Fifth, the cardinal virtue of prudence as St. Thomas Aquinas defines it --- choosing ends that are morally and practically right, and the right means to achieve the best practicable results --- should inform when, how, and for what purpose the United States employs military force. Clear, firm, credible commitments can deter the risk of war and the cost of war when even the best deterrent sometimes fails. Sometimes as well, using force sooner --- even preemptively --- can save much, blood, toil, tears, and sweat later.
Sixth, moral democratic realism rejects utopianism and moral nihilism. Judeo-Christian morality refracted to the lens of prudence ought to serve as the guide for evaluating relative degrees of moral and geopolitical evil. We are not a perfect nation, but we are an exceptional nation; indeed the United States is an indispensible one. The greatest of American leaders always have always recognized that the United States must wage war and conduct peace in a way consistent with the values of American society and the principles of well-ordered liberty. As Ronald Reagan’s Administration put it in National Security Directive 75, laying out President Reagan’s fabulously successful strategy for winning the Cold War, “US policy must have an ideological thrust which clearly affirms the superiority of the US and western values of individual dignity, and freedom, a free press, free trade unions, free enterprise, and political democracy…"

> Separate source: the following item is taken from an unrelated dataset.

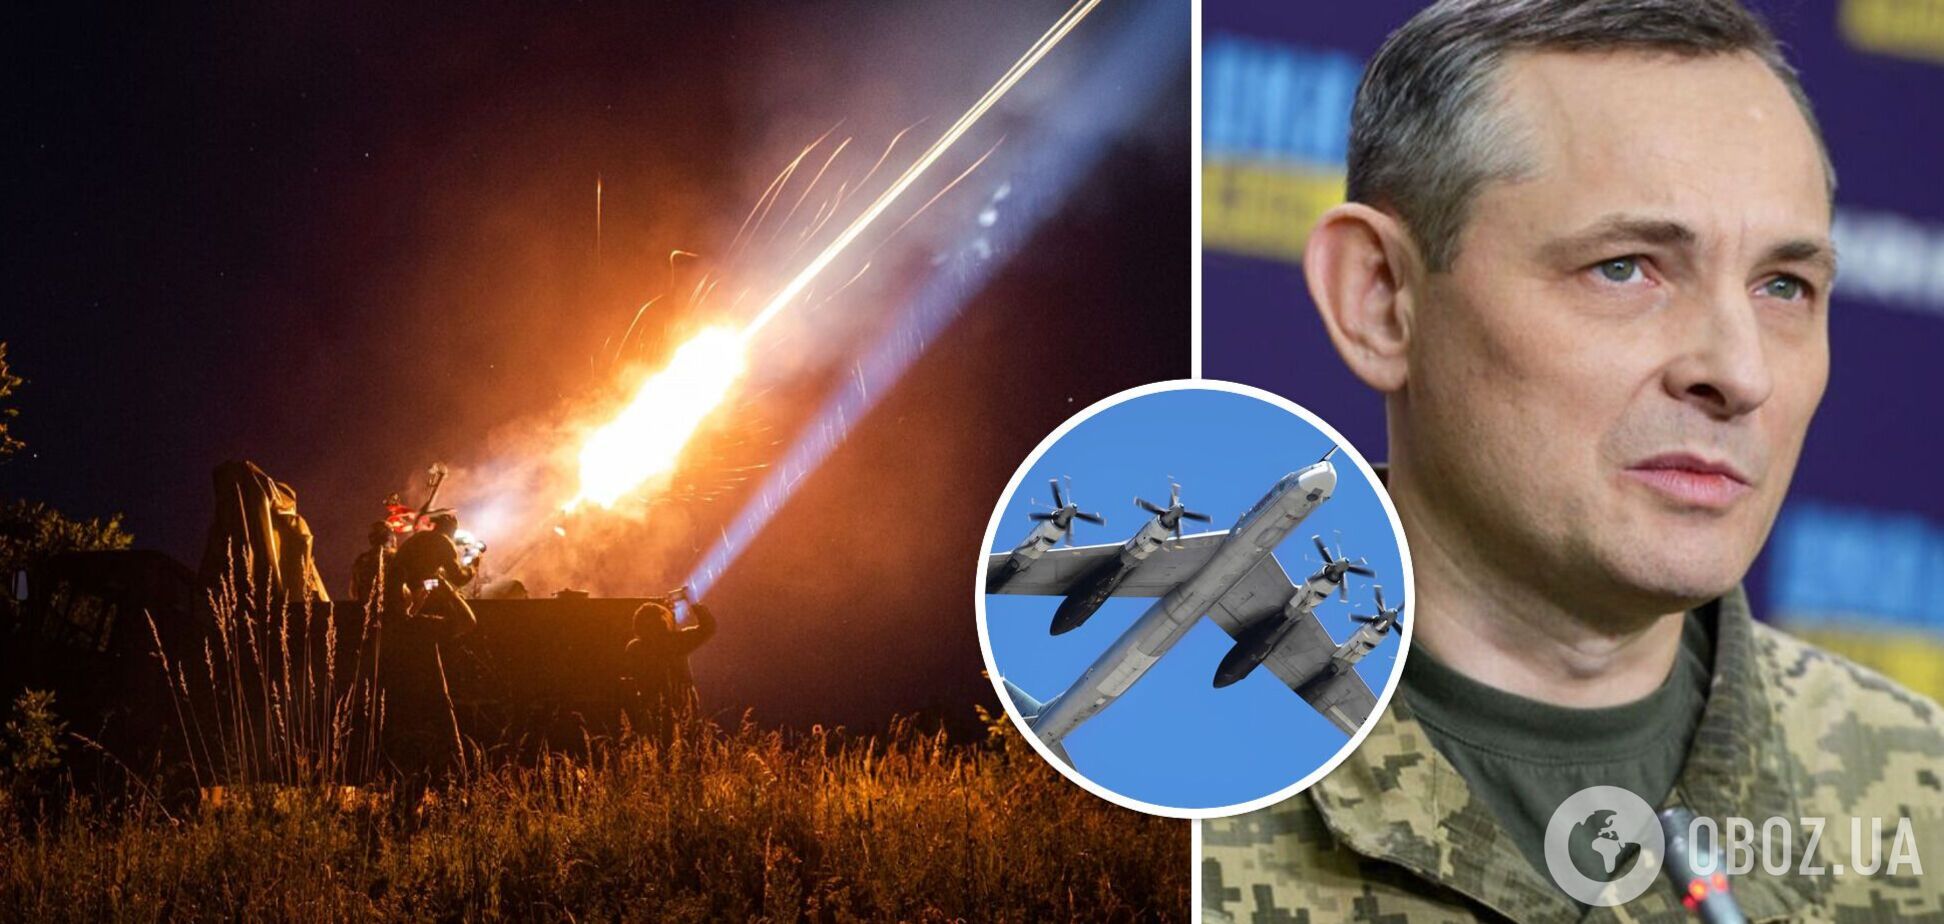 Есть несколько особенностей: Игнат прокомментировал последний массированный ракетный удар РФ по Украине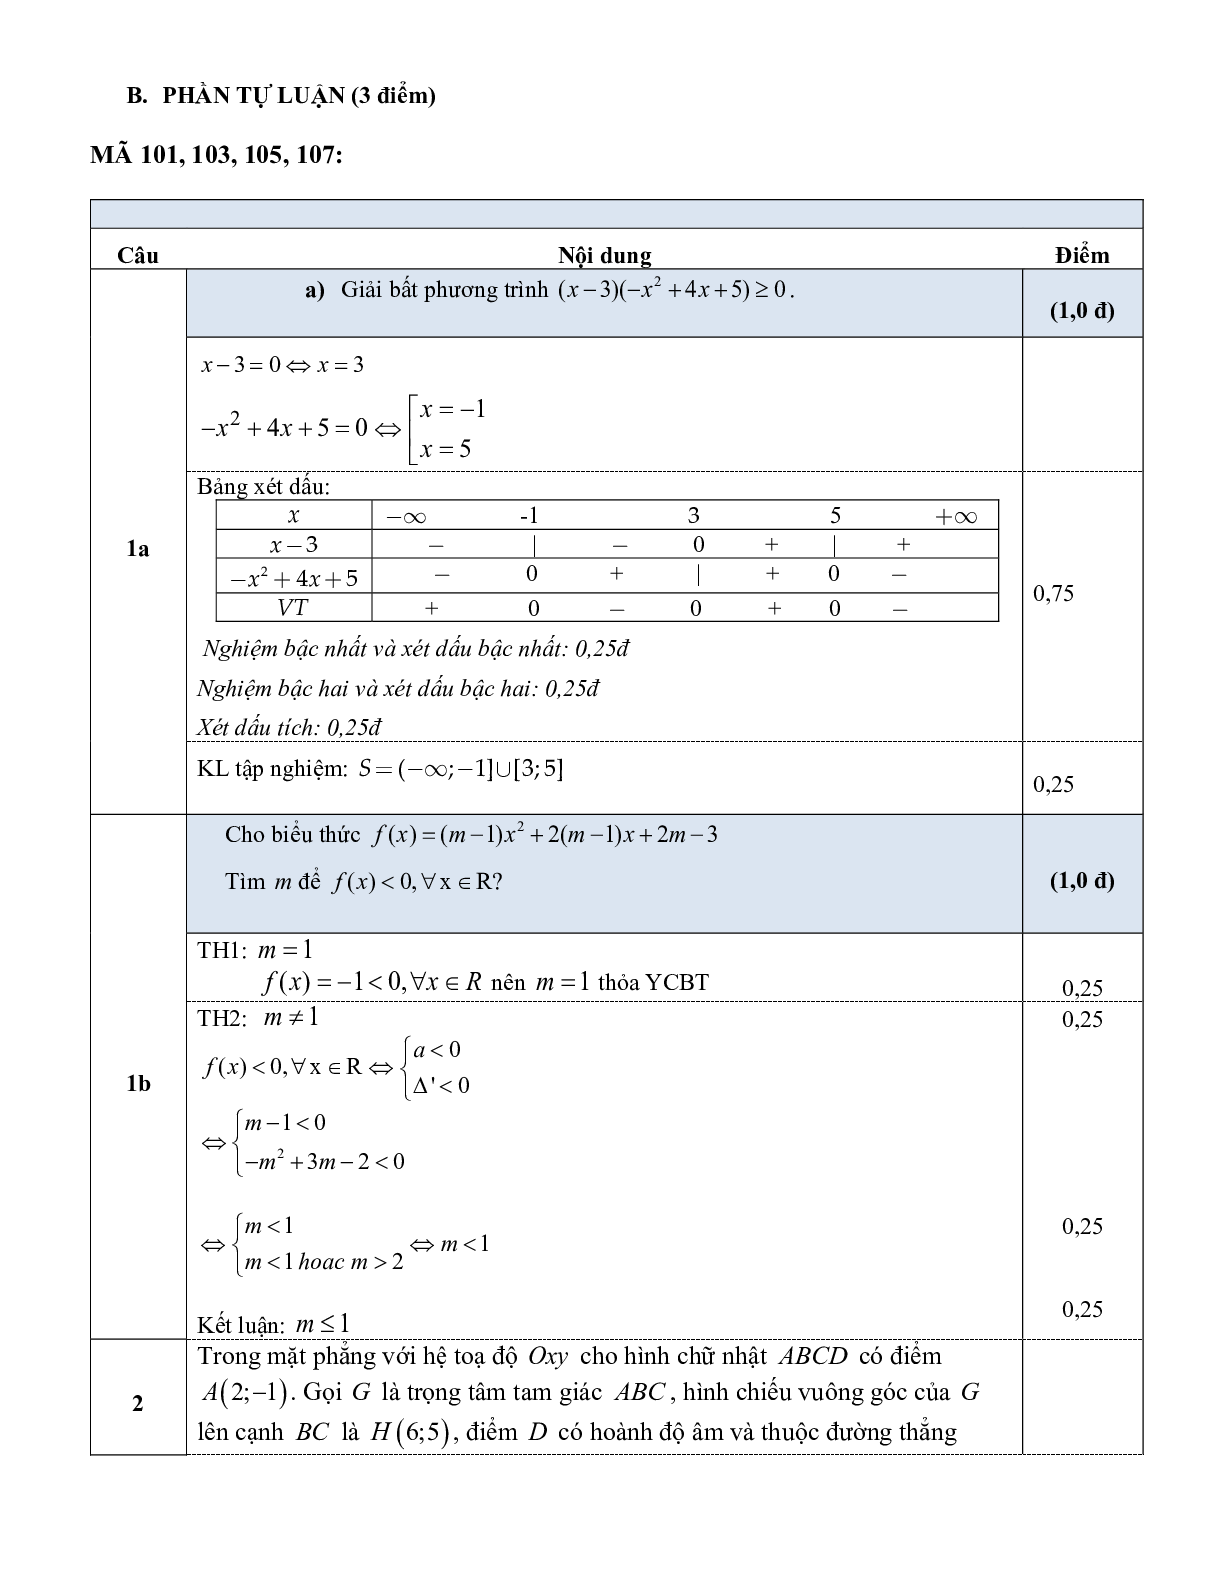 Đề thi cuối học kì 2 môn toán 10 sở GD và ĐT Quảng Nam năm học 2020-2021 (trang 5)

These six principles serve as my point of departure for explaining the peril of President Obama’s foreign and national security policy Start with President Obama’s vision of the world, and his role in it, which make him the antithesis of President Reagan. President Obama believes he is an extraordinary leader of an ordinary, badly flawed nation. Reagan believed he was an ordinary man privileged to lead an extraordinary nation. Obama is totally wrong, Ronald Reagan half right. For Ronald Reagan was also an extraordinary leader. Today’s Republican Party should champion Ronald Reagan’s legacy unabashedly , adapting it to the changing circumstances of the 21st century.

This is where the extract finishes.